I don’t really agree with the thesis that it’s about motion. I found myself moving less and less as I got better at beat saber. I didn’t care at all about the scoring, and if I did, it was about hit percentages and combos, not slicing accuracy.
It’s a good game with nice UX. It is most definitely a rhythm game. But you could get 99% of its value prop on an arcade machine setup sort of thing. It doesn’t need to be strapped to your head. It’s barely VR. The fact that it’s still pointed to as the best VR experience is proof that VR gaming is going nowhere.
The secret to Beat Saber is that the player's physical and virtual world are locked together at all times.

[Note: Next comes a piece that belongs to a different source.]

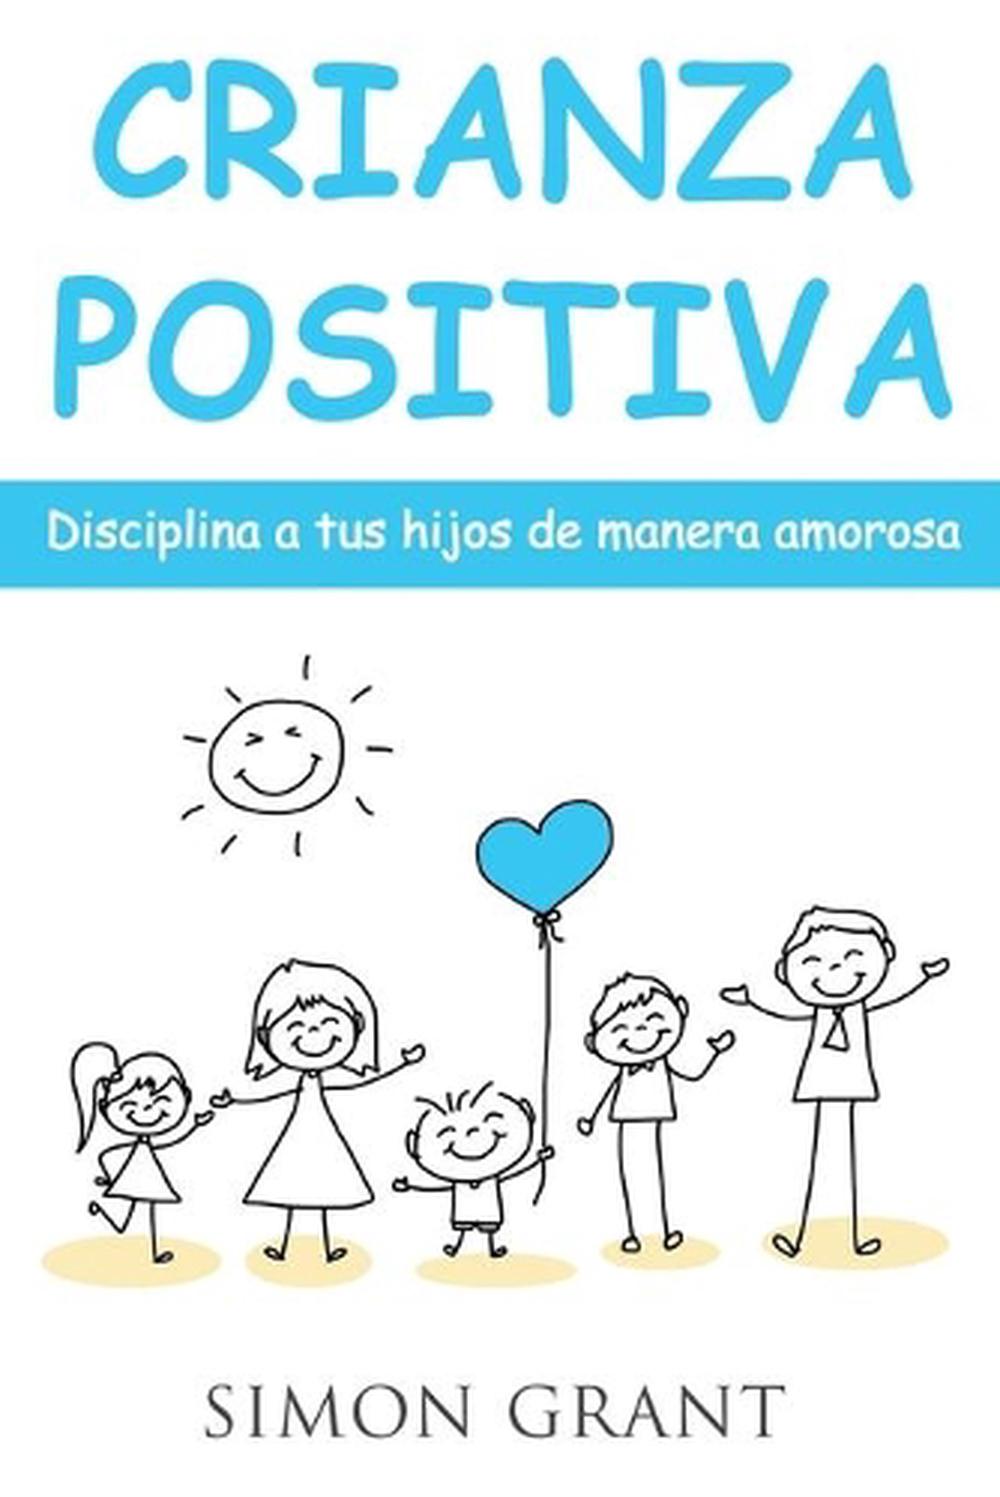 Crianza positiva: Disciplina a tus hijos de manera amorosa by Simon

You're standing on a small platform and can't go anywhere. Thus, it doesn't cause nausea. Or disorientation. Or falls. Even when the player is in very active motion.[1]
[1] https://www.youtube.com/watch?v=gV1sw4lfwFw
I desperately want more games like Unseen Diplomacy, where you walk through an infinite hallway. In real life, you're just walking in circles, but it doesn't feel that way in VR!

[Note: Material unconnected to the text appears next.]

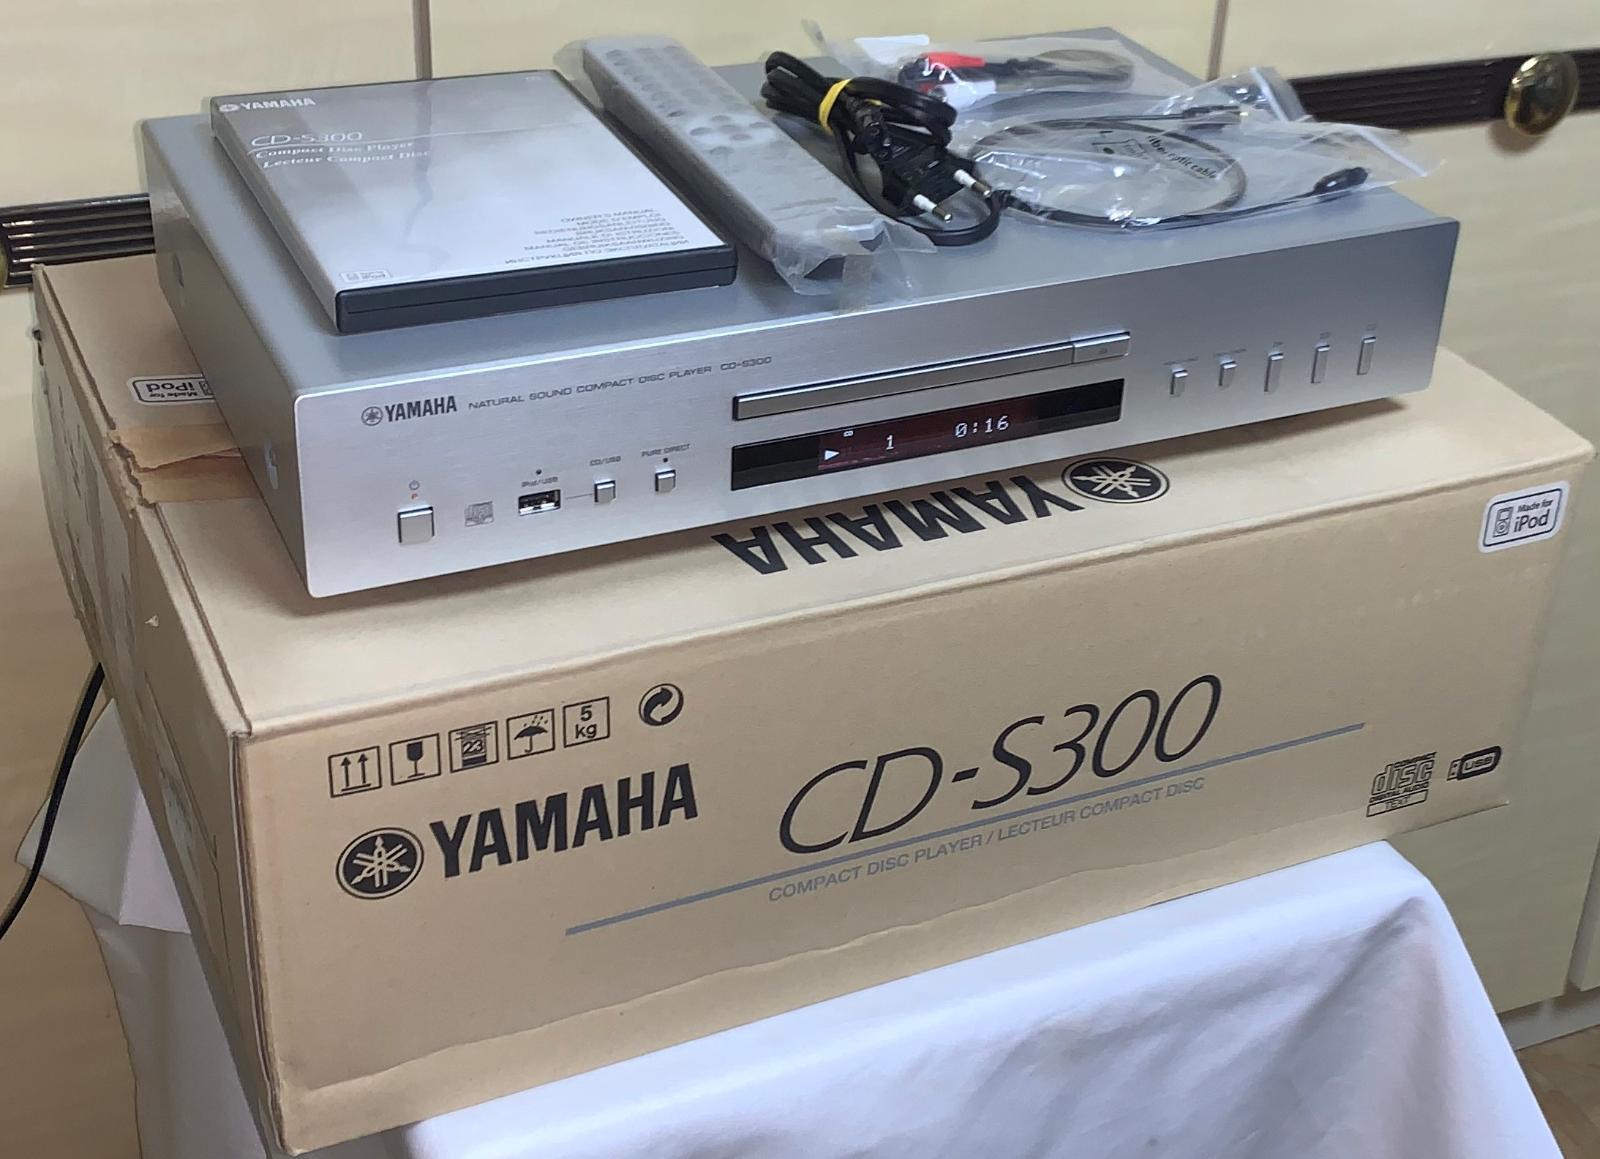 Used Yamaha CD-S300 CD players for Sale | HifiShark.com

I'm immune to VR motion sickness, but games without fake movement just feel so much more immersive!
The game "Tea for God" (https://www.google.com/search?q=tea+for+god&oq=tea+for+god) also has this strange behavior where the world curves around in a non-Euclidean / M.C. Escher-style fashion so that you feel like you're in a labyrinth, but you're actually in a ~8ft square in your living room.
"Tea for God" and "Unseen Diplomacy" are the only games I'm aware of that operate in this fashion, with "realistic" walking movement that doubles back on itself.
"Eye of the temple" is another one https://www.roadtovr.com/eye-of-the-temple-design-room-scale...
Eye of the Temple is different. It uses moving platforms, effectively a form of artificial movement, instead of non-euclidian space.
There's at least one more, Shattered Lights: https://store.steampowered.com/app/1057720/Shattered_Lights/
But I've played all three of these to death!
Another type of game with this characteristic is Table tennis simulators. Although the reduced field of view is a limitation, it just feels like wearing a strange helmet. Inner ear still matches the visual picture.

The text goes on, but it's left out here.